- [What to do]
Consider the listing below. Extract exactly the lines from the line containing "Luzern City Panorama Case für iPhone XS Max" to the line containing "Italian 19th Century", both included.

- [Material shown]
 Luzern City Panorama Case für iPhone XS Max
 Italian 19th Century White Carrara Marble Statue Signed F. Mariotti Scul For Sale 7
--
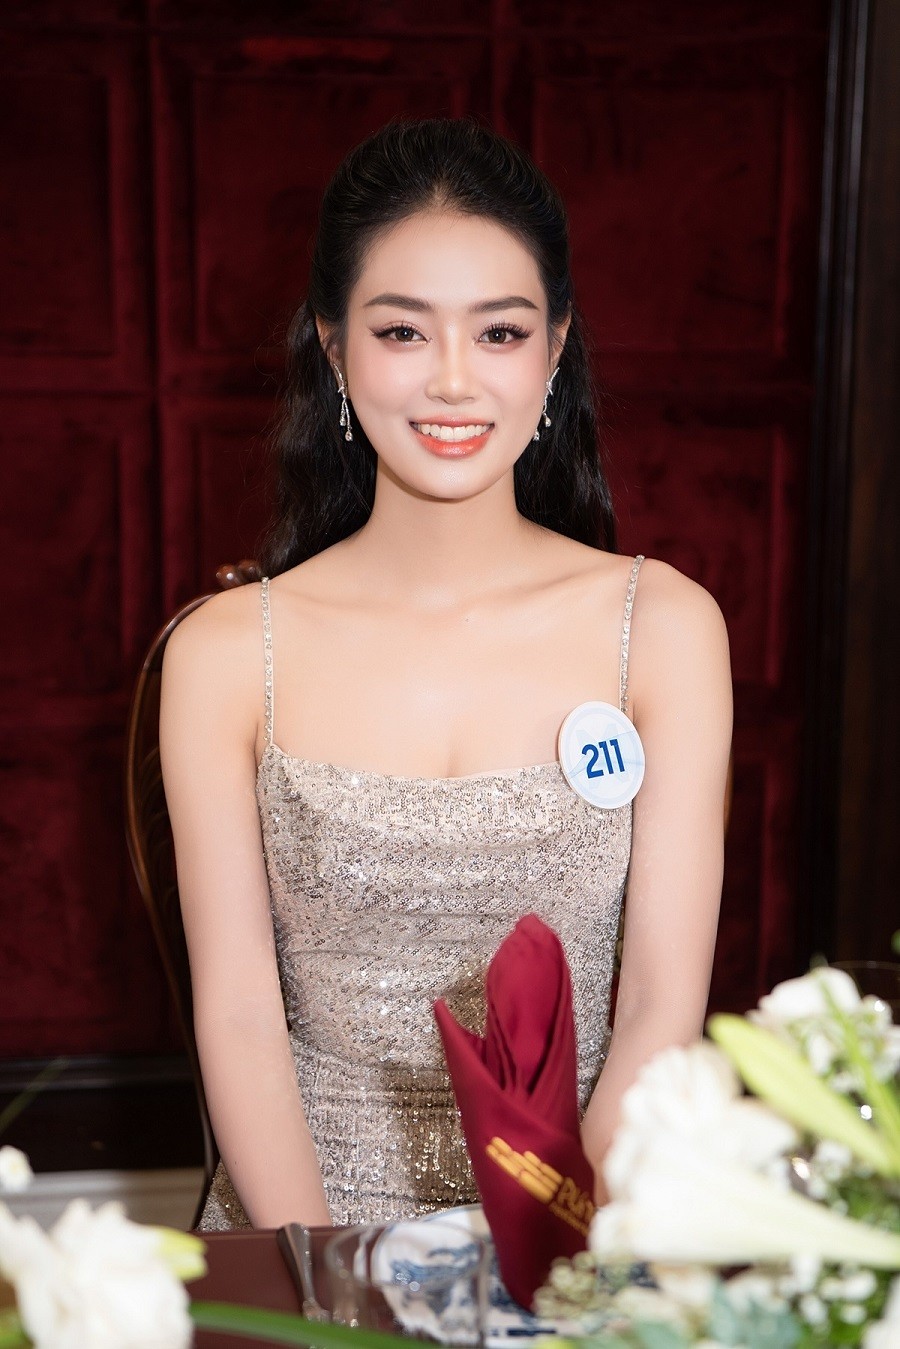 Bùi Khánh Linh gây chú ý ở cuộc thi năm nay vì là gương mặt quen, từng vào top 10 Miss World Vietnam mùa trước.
--
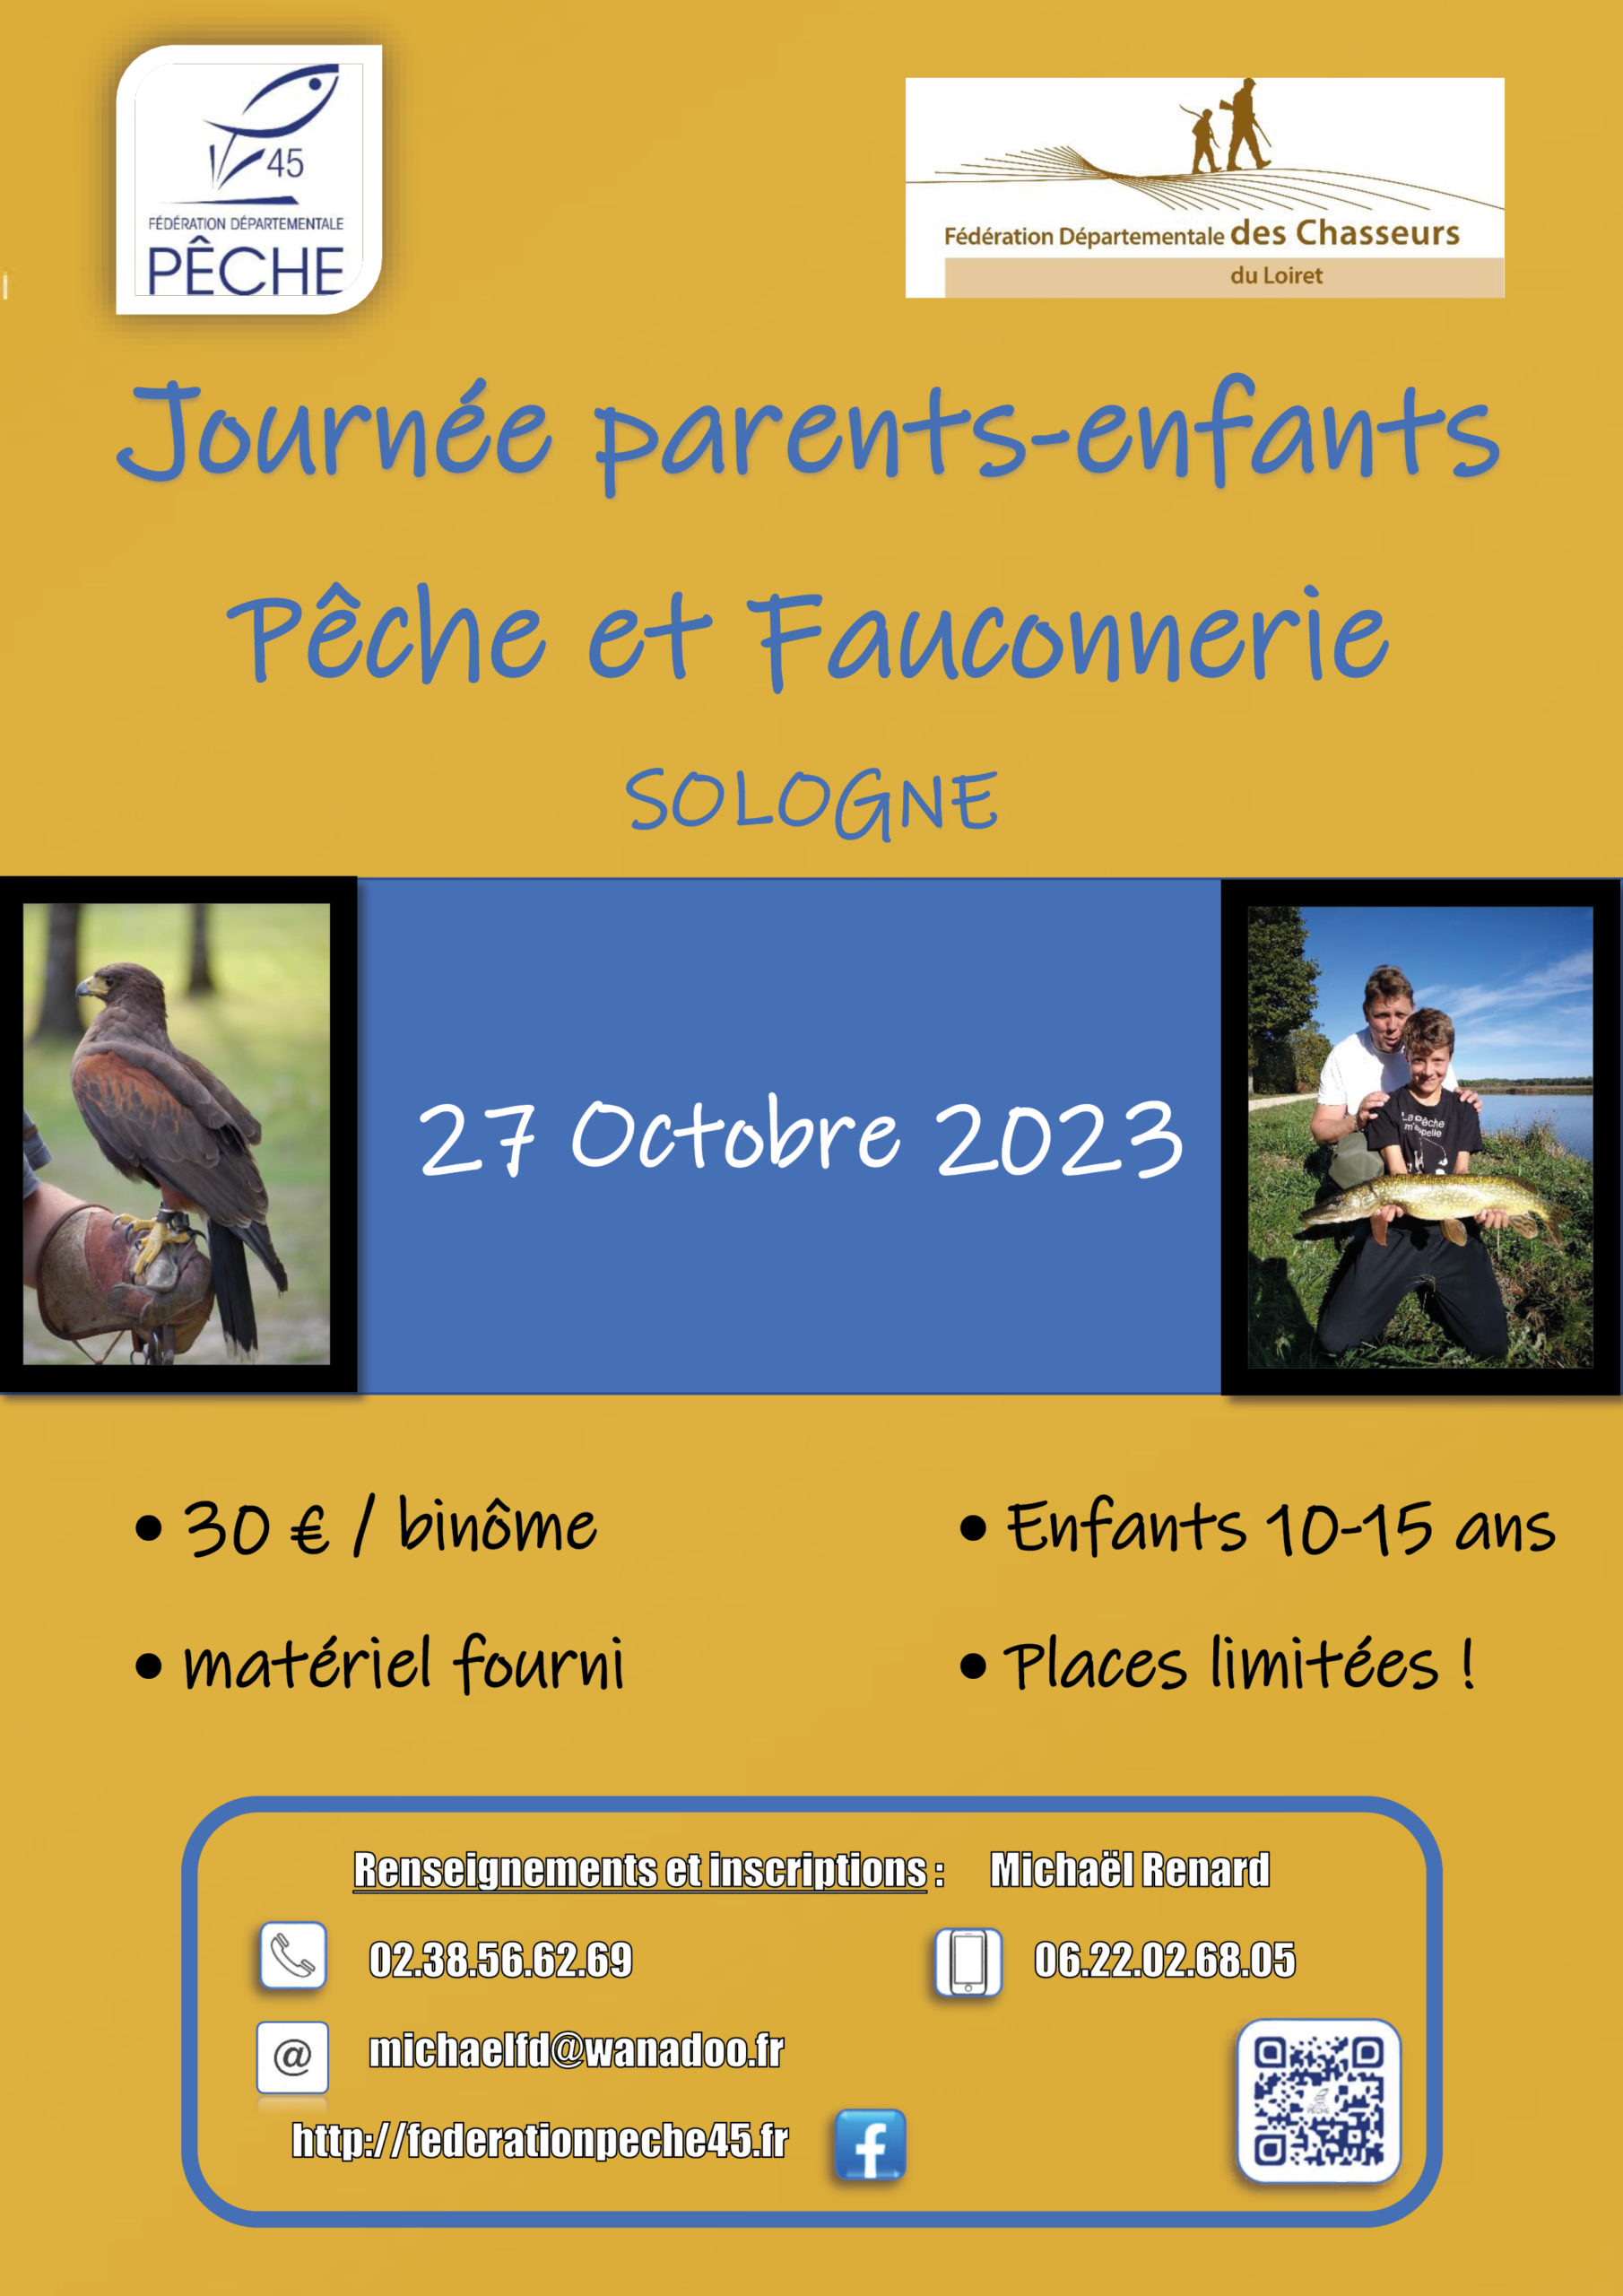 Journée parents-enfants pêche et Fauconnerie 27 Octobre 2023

- [Result]
 Luzern City Panorama Case für iPhone XS Max
 Italian 19th Century White Carrara Marble Statue Signed F. Mariotti Scul For Sale 7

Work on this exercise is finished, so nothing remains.